When opening Soft Power With Chinese Characteristics, a timely new volume that arrives amid a flood of COVID-19-fueled disinformation, it is important to notice the irony embedded in the title. The phrase “with Chinese characteristics” is used by the Chinese Communist Party (CCP) whenever it borrows a Western idea or practice to utilize for its own purposes. For example, in the early 1980s, when Deng Xiaoping was introducing market forces into China’s dead-in-the-water planned economy, the new system was not described as “capitalism”—that term would have conceded far too much ground to the enemies of socialism. Rather it was dubbed “socialism with Chinese characteristics.”

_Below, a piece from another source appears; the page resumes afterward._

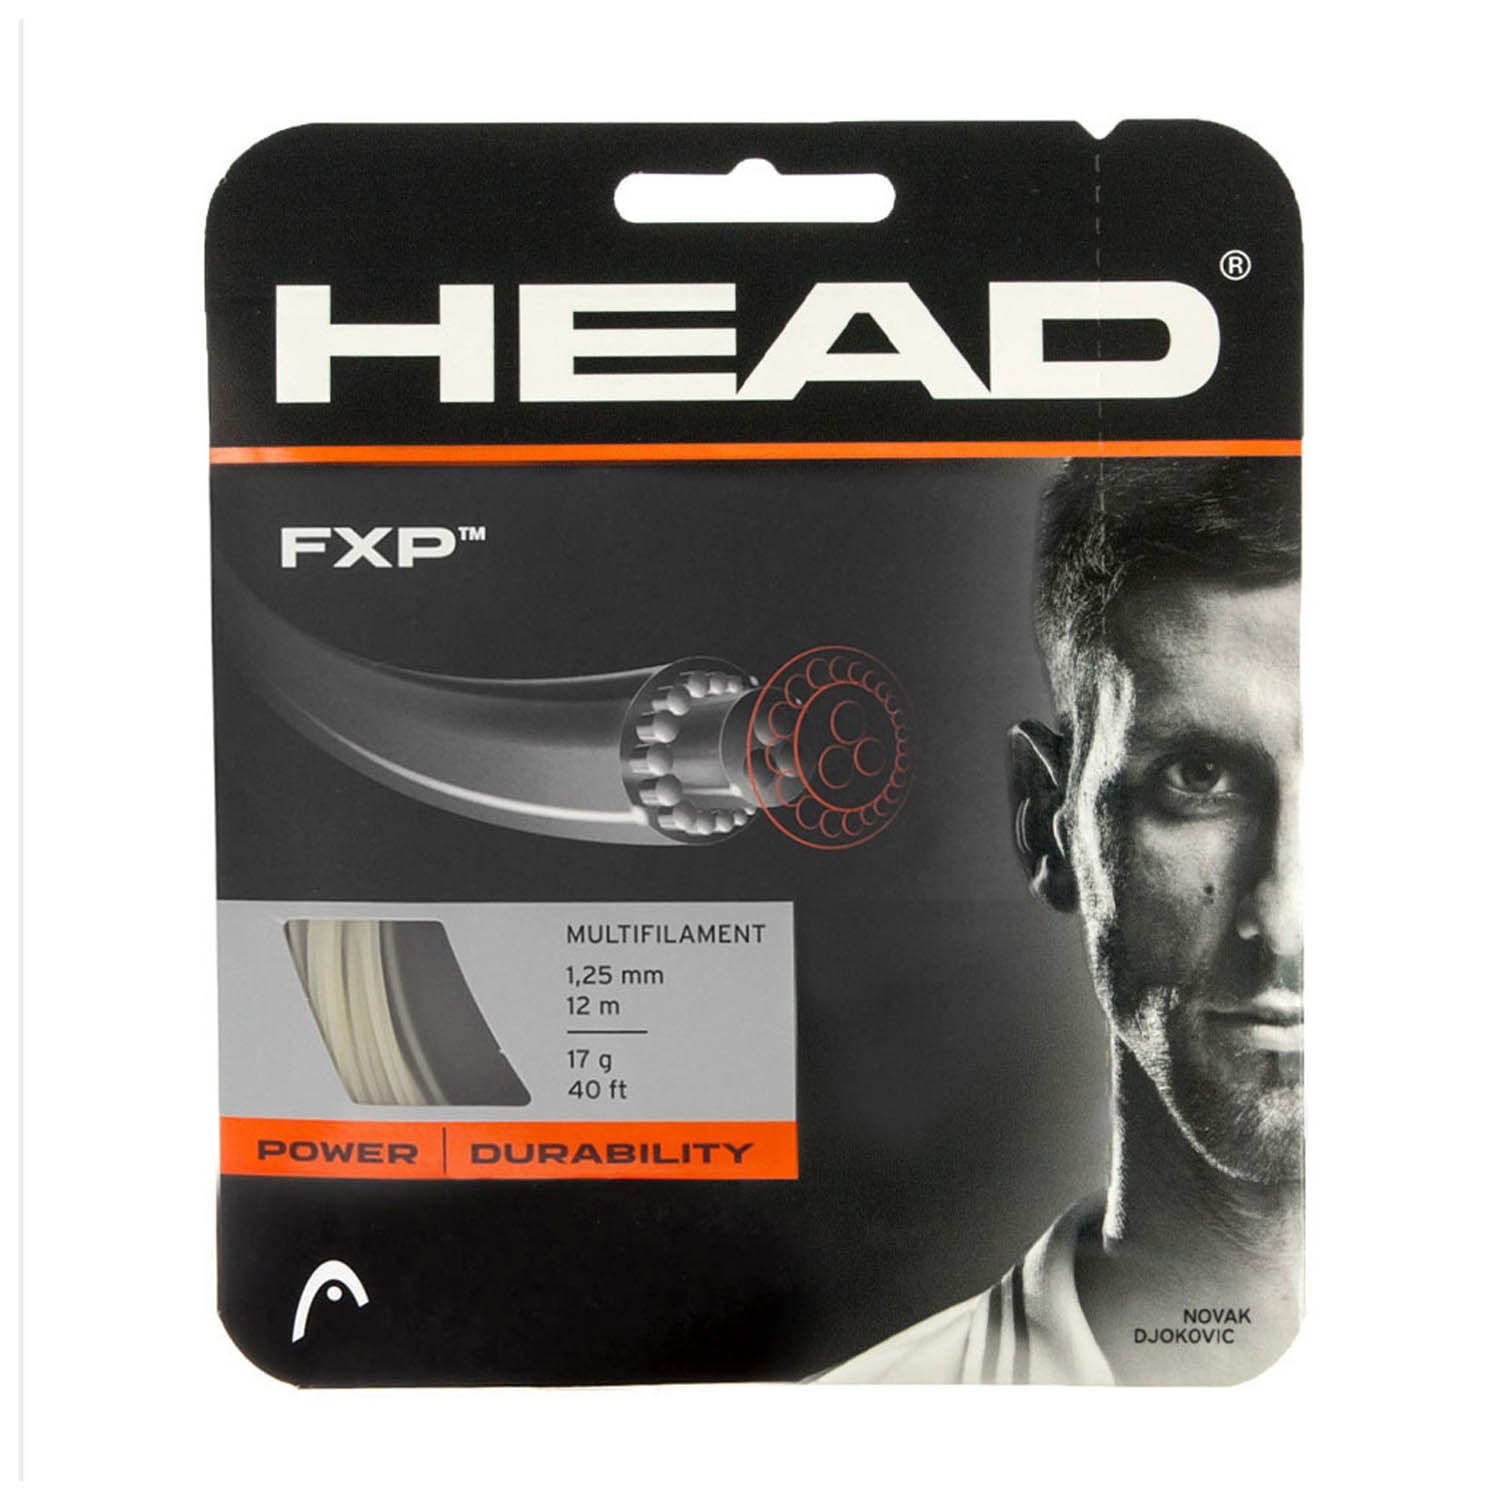 Head FXP 1.25 Set 12 m - Natural

This touch of Newspeak did not bother Deng’s free-market champions in the West; they knew what Deng meant, and many a capitalist smiled knowingly at his motto: “It doesn’t matter if a cat is black or white; if it catches mice, it’s a good cat.” But the phrase “with Chinese characteristics” is no longer so benign. For Deng, it was a way to camouflage the fact that he was moving the Chinese economy in the direction of capitalism. For today’s Communist rulers, by contrast, it is a way to camouflage policies that are profoundly anti-democratic.
As explained by media scholar Zhan Zhang, one of 20 academic contributors to this volume, the Chinese meanings of “Western political language” (words like “democracy,” “freedom,” “equality,” “justice,” and the “rule of law”) “differ significantly from the meanings as understood in the West.” For example, “the basic European respect for individual rights and freedom is not on the individual level in the Chinese value system, but instead on the social level. This means that freedom is not about one’s individual freedom, but is rather a collective freedom for the group and society.”